Deciding on the legal structure of your business is one of the most important steps in the process of getting started. Your choice will have a profound effect on debt, taxes, your company’s management, and many other factors. The way your business is run (and will probably be affected) greatly depends on the type of business you choose.


  1. Sole Proprietorship
    Also termed as a sole trader ship, individual entrepreneurship, a sole proprietorship is the simplest and most common business structure in the United States. It is a type of enterprise owned and run by a single individual who is responsible for all business assets, profits, and liabilities. As soon as you start a solo gig on your own, a private job, or a new business, you automatically become the sole owner. It is among the types of businesses that are quite easy to set up.
    Likewise, they are also quite common. Unlike an LLC (limited liability Company) or a corporation, a sole proprietorship is not a separate legal entity from the owner. Some owners alone prefer to file a DBA which means “to do business as.” DBA objectives are often more marketing than any real business cause.
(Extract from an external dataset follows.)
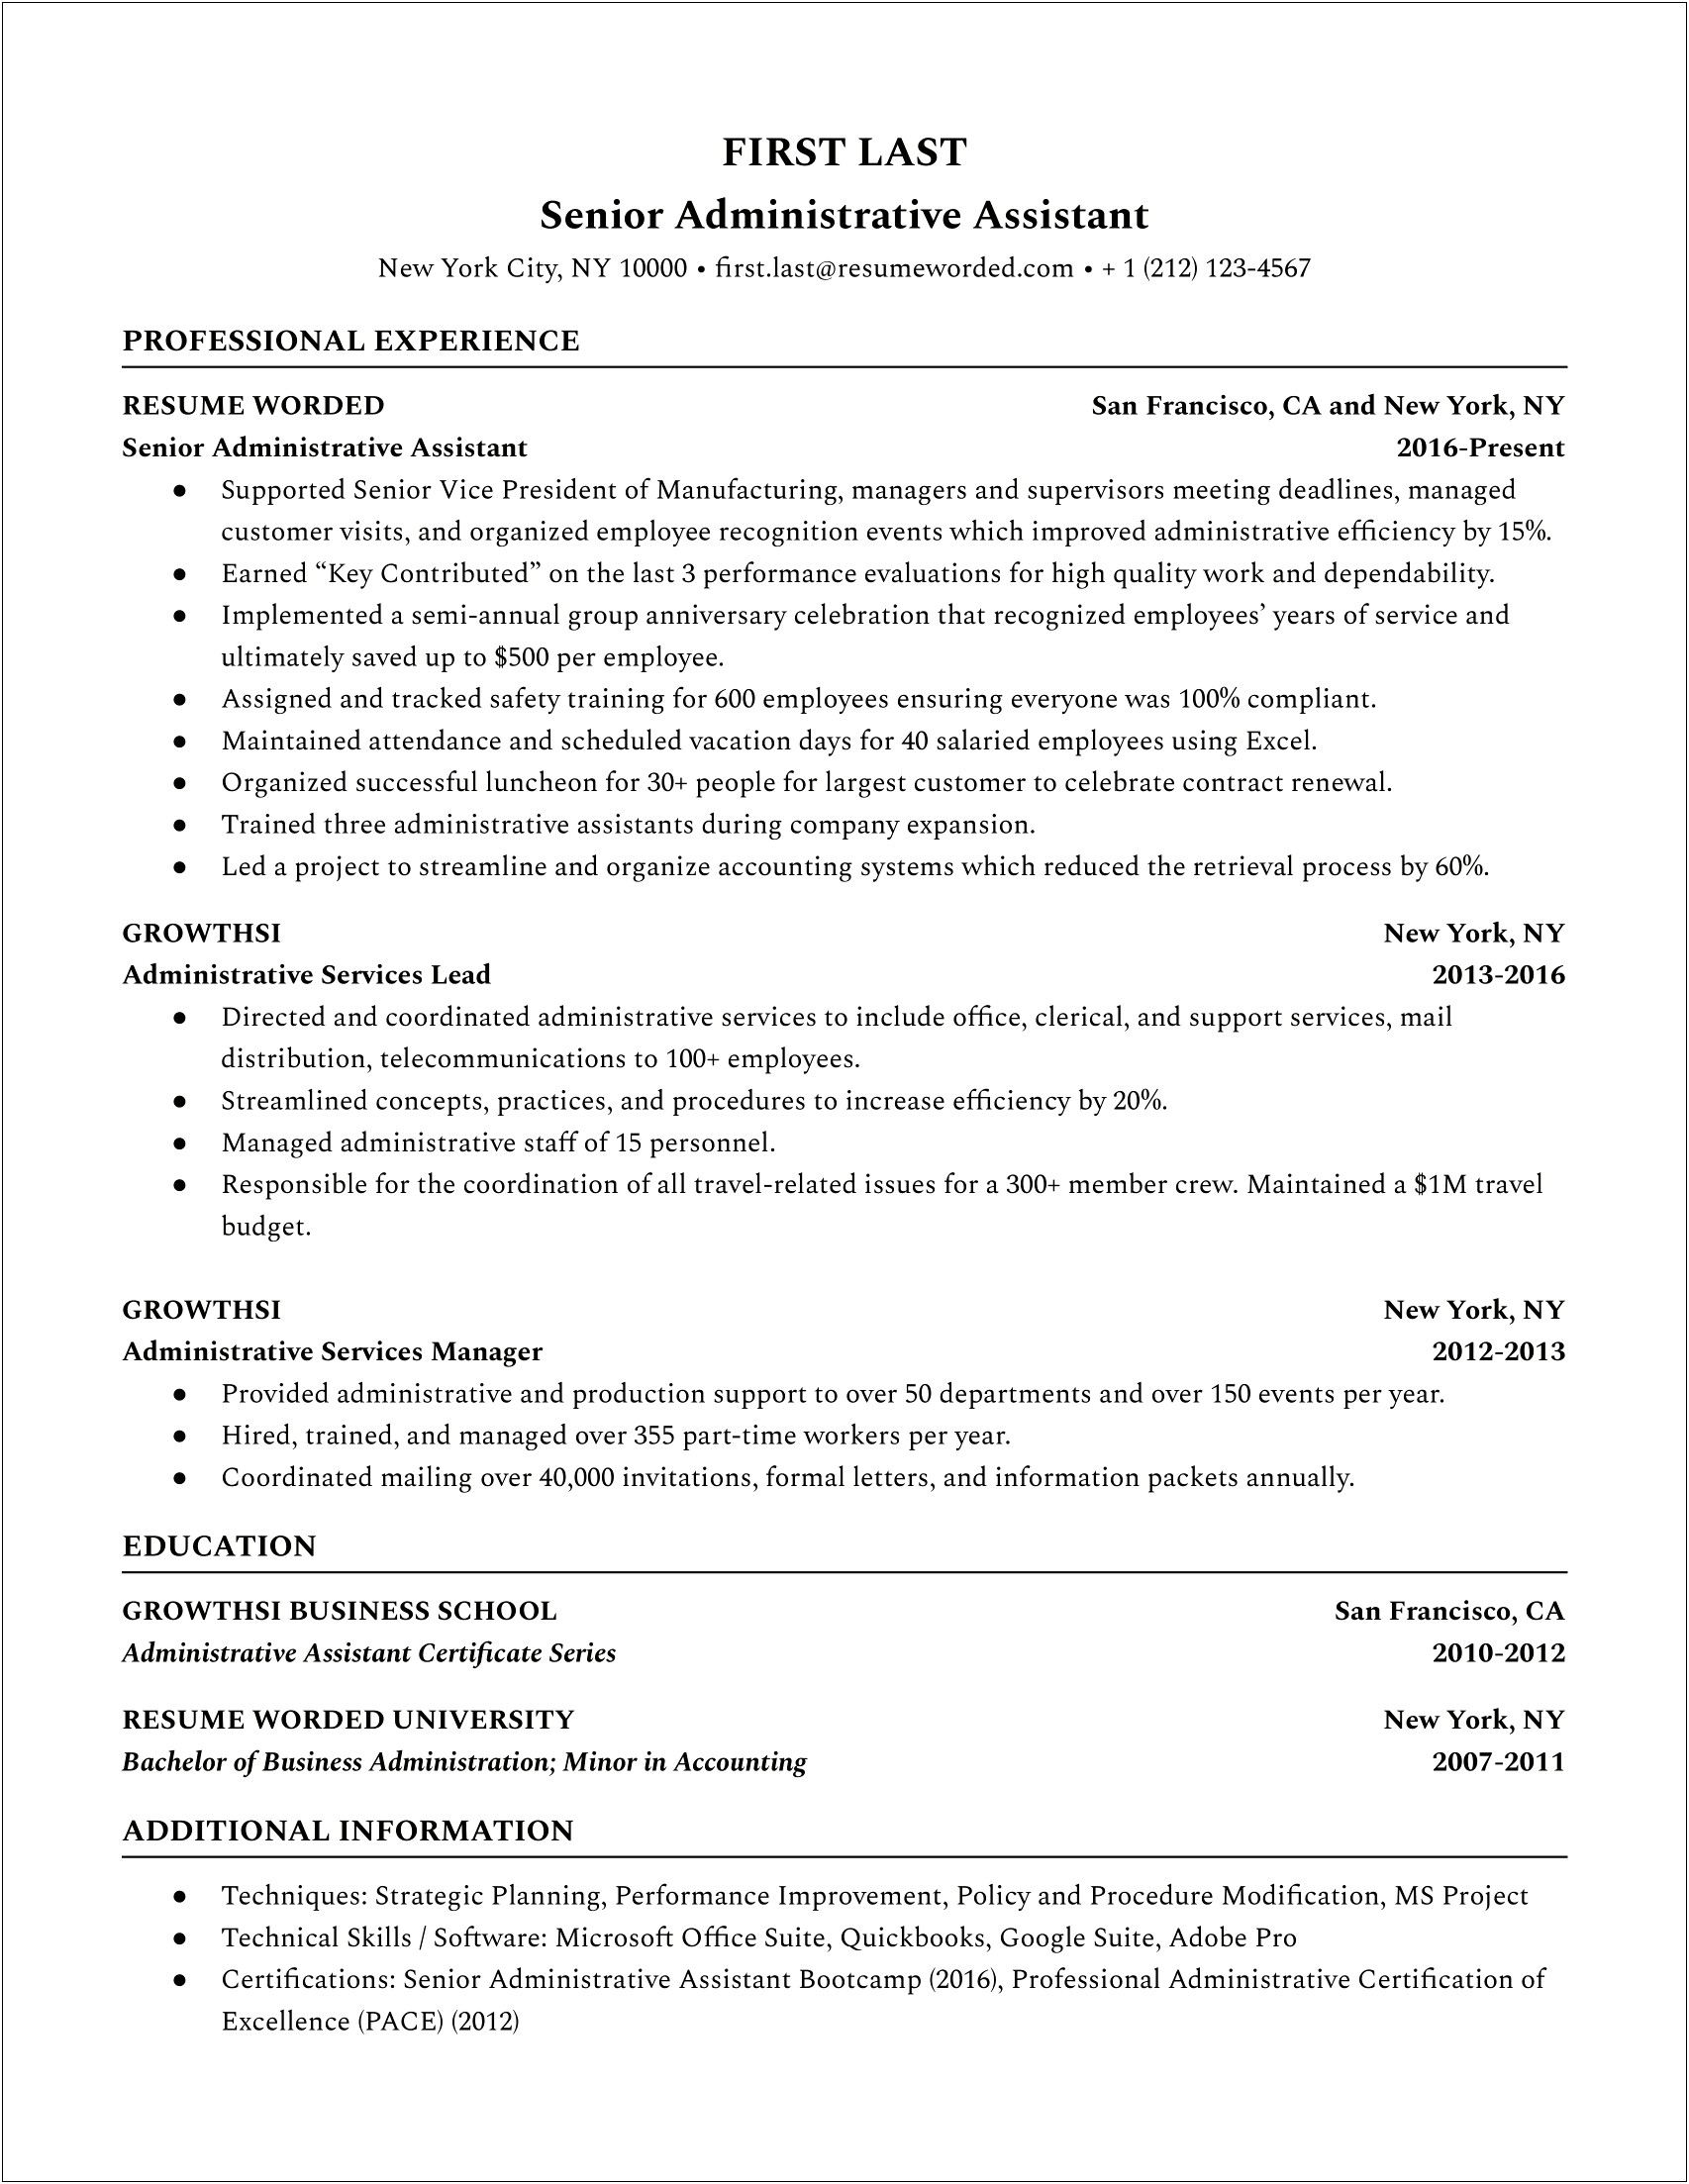 Work Ecpereince For Office Assistent For Resume

Your DBA is a title that places the most professional facade in your unique identity.
  2. Partnership
    Partnerships allow businesses to be for two or more people. This business exists in two ways: normal partnerships and limited relationships. Previously, bonds and rewards (profits) were distributed equally, while limited partnerships allowed one partner to maintain full control over the company. With limited cooperation, the second partner (or anyone else) shares some of the financial obligations and earns a profit margin, but has little or no control.
    A partnership joint venture usually has several members. As members agree to share the profits and losses equally, the risk is also shared by all members. As a result, compared to a single owner, the risk load for each partner is much lower. Due to the small load, partners are encouraged to take on more risky projects with higher interest rates.
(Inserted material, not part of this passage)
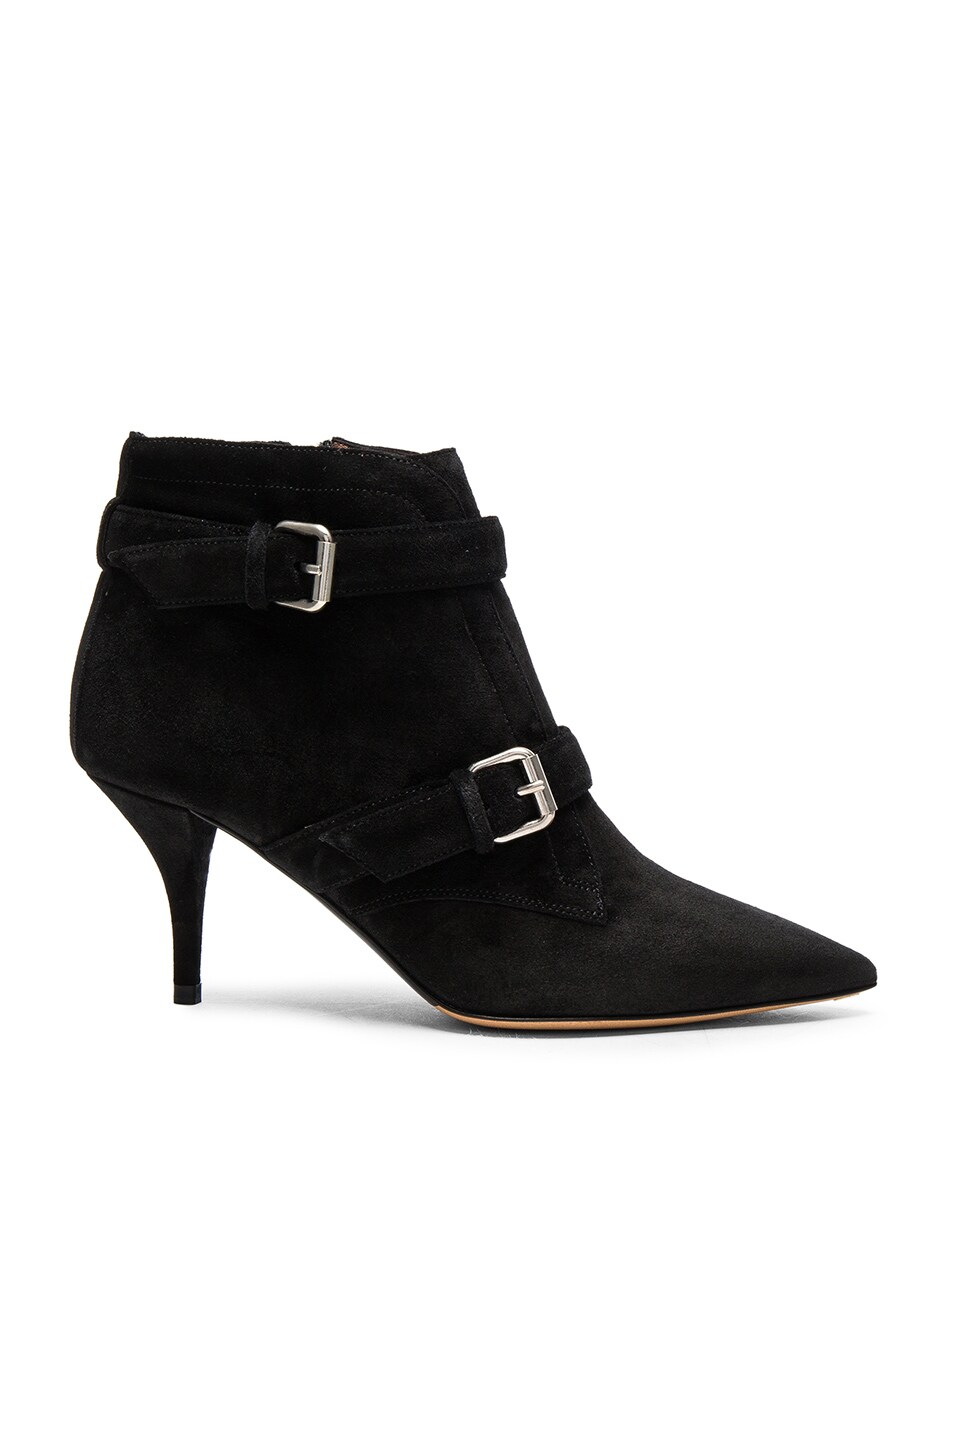 Image 1 of Tabitha Simmons Suede Fitz Booties in Black Suede

  3. Limited Liability Companies (LLC)
    The LLC represents “a limited liability company is a type of US Limited Liability Company. Limited liability companies benefit from the recovery and flow of corporate tax and land ownership while maintaining a limited corporate debt status. LLC is not a corporation. A corporation under national law is a rather legal form of business that provides limited credit to its owners in many areas.
    LLC is a mixed legal entity that has certain characteristics of both the company and the partnership or sole ownership (depending on how many owners). LLC is a separate non-profit organization. A key feature that LLC shares with the corporation are the limited legal obligation, and a key feature that it shares with the partnership is the availability of passing through of income tax.
    At LLC, there is no limit to the number of members (unlike “partners”) and ownership can be divided into different classes which give entrepreneurs some flexibility when it comes to increasing funding. LLC makes sense if your company is at the stage of your development process where you will be able to attract angelic investors, but not VCs (i.e., expect your business to generate losses).
  4. C Corporations
    If you are in your early stages (especially an early income) and are focused on the money you can make, choosing a C corp. makes sense and is the best option for startups who are going to seek investment. Venture capitalists are free to invest in this type of company. And there are other benefits to this type of non-sponsored business that include the separation between debt, tax, and legal structure from your personal property. There is an additional level of structure associated with the C corp. as a prerequisite for holding annual meetings and recording minutes. The worst part is that the C corp. is taxed on its business profits, but if you are just starting, you probably do not have a taxable income from it so this is not a problem.
    C corporations introduced a new level of structure at the outset, which included the requirement to hold annual board meetings and record minutes. Business is naturally taxed on business profits, but as a start especially this is not much. The reason why business financiers invest freely in C-companies as opposed to LLCs, partnerships, and sole proprietors is that the additional structure gives them better security.
  5. S Corporations
    S companies get their title through Subchapter S of the Federal Internal Revenue Code. This gives them tax exemptions on business revenue, unlike C-companies, both at the state and provincial levels. S companies still offer the added benefit of separating business and personal, paying the owner and shareholders limited liability. However, there are limitations and limitations on the number of shareholders allowed in the S corporation. Your business will also be limited to a single stock section, regardless of any potential for multiple funding.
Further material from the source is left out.